Issue #150: Tiger

One Story has hit another milestone: our 150th issue. We’re going to save the big celebrations for our 10th anniversary next year, but today seems like a good time to pause and consider the 150 stories, by 150 different writers, that we’ve featured in our pages. When Maribeth and I launched One Story in 2002, our goal was celebrate the form of the short story and support the authors who write them. Now, with over 10,000 subscribers, One Story is more than just a literary magazine—it’s a community of writers and readers that feels like a close-knit family.

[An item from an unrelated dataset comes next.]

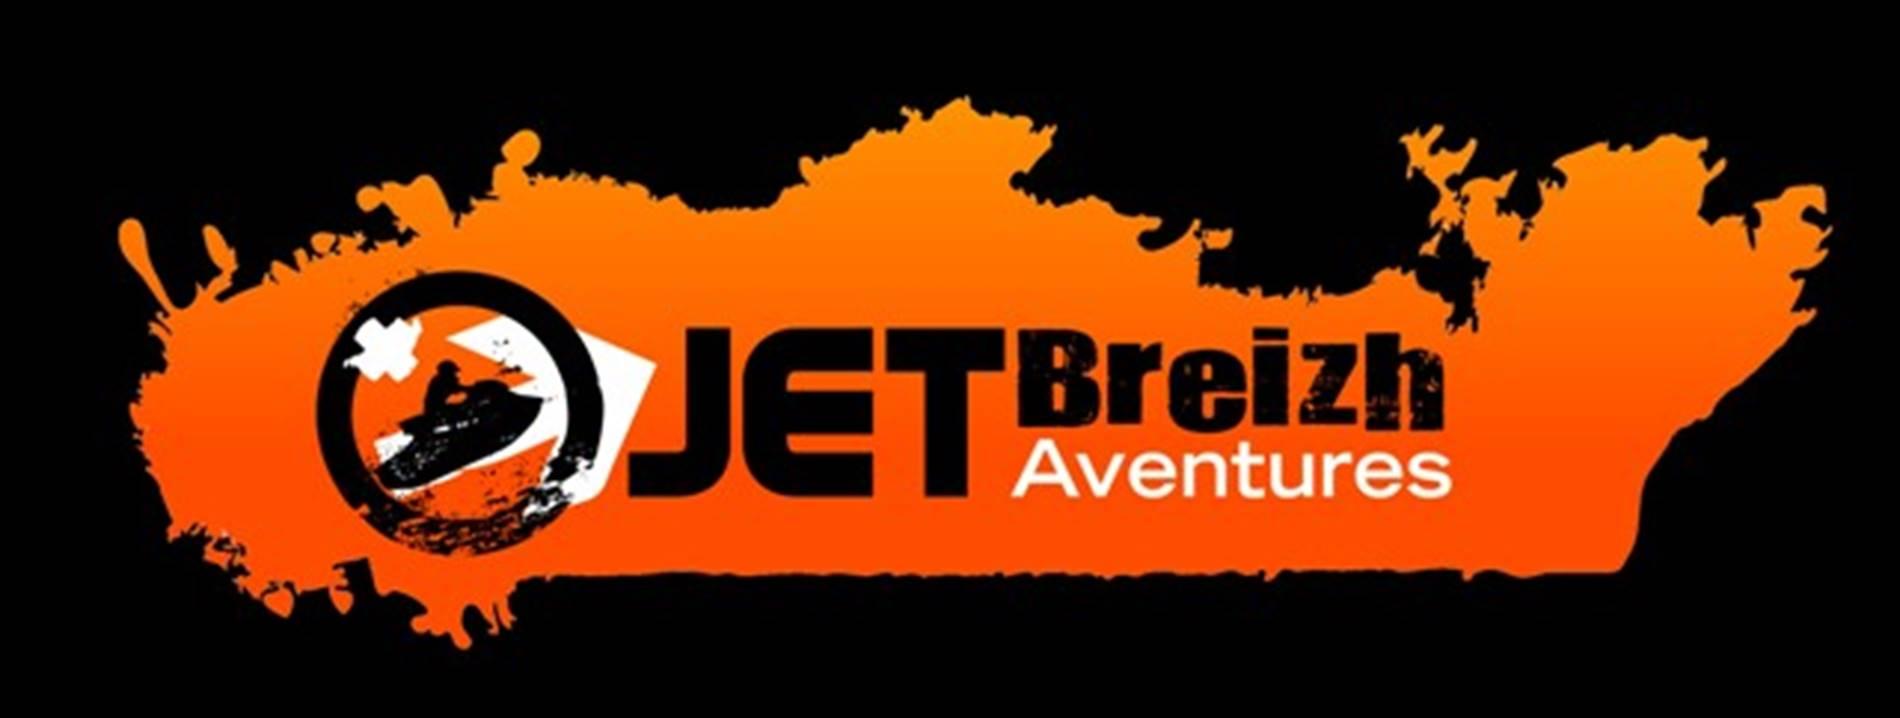 Jet Breizh Aventures © Jet Breizh Aventures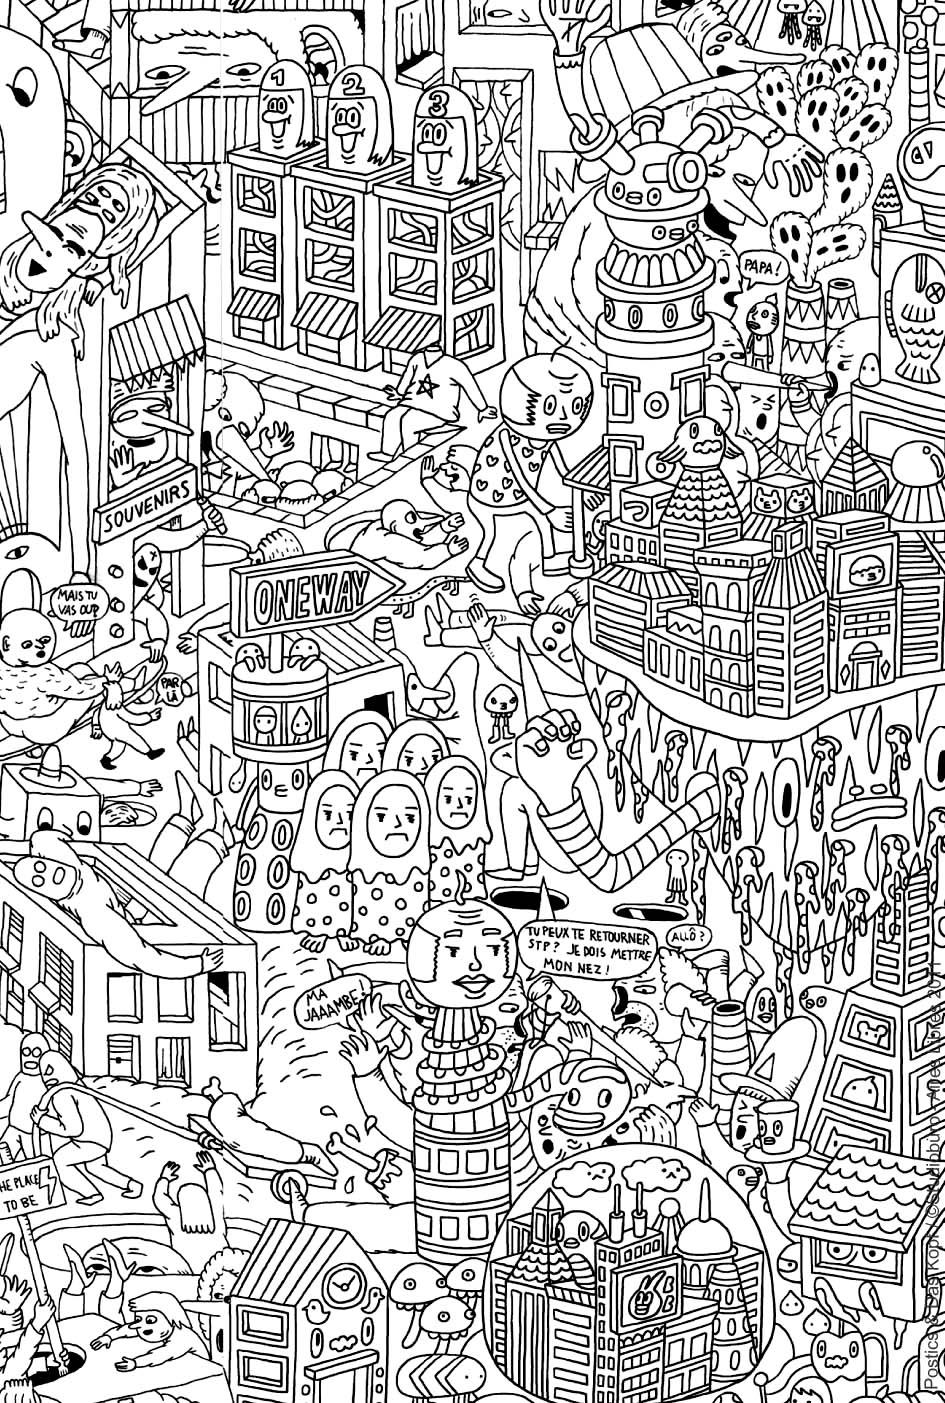 Doodling gribouillage doodle art 3 coloriage doodle art - Coloriage art ...

It gives me great pleasure to introduce our newest family member: Nalini Jones. In “Tiger,” Nalini explores the complexity of a mother/daughter relationship strained by distance. Set in the lesser-known Catholic community of Bombay, “Tiger” follows Essie’s increasingly desperate efforts to bridge the gap with her daughter Marian, who has married an American and moved to the United States.  In many ways I found this to be a kind of love story, which leads Essie to a greater understanding of her own inner consciousness, but it’s the lushness of Nalini’s writing, and the keen hold on the emotional pulse of her characters that makes me so glad to have “Tiger” as our 150th story. Nalini is the author of the wonderful story collection, What You Call Winter (Knopf, 2007). To find out more about her work, you can visit her website or read her Q&A with us. In the meantime, I hope that you enjoy this new issue of One Story. Here’s to the next 150.

2 thoughts on “Issue #150: Tiger

  1. I loved this story. The mother seemed to recognizably real, both exasperating but also endearing. The opening and ending worked together beautifully.

  2. I loved this story, such a real description, making the character honest in her flaws and sympathetic; loved the ending with the coconuts raining down, all of the unrecordable thoughts set free, releasing the mother from her tensions. Brilliant.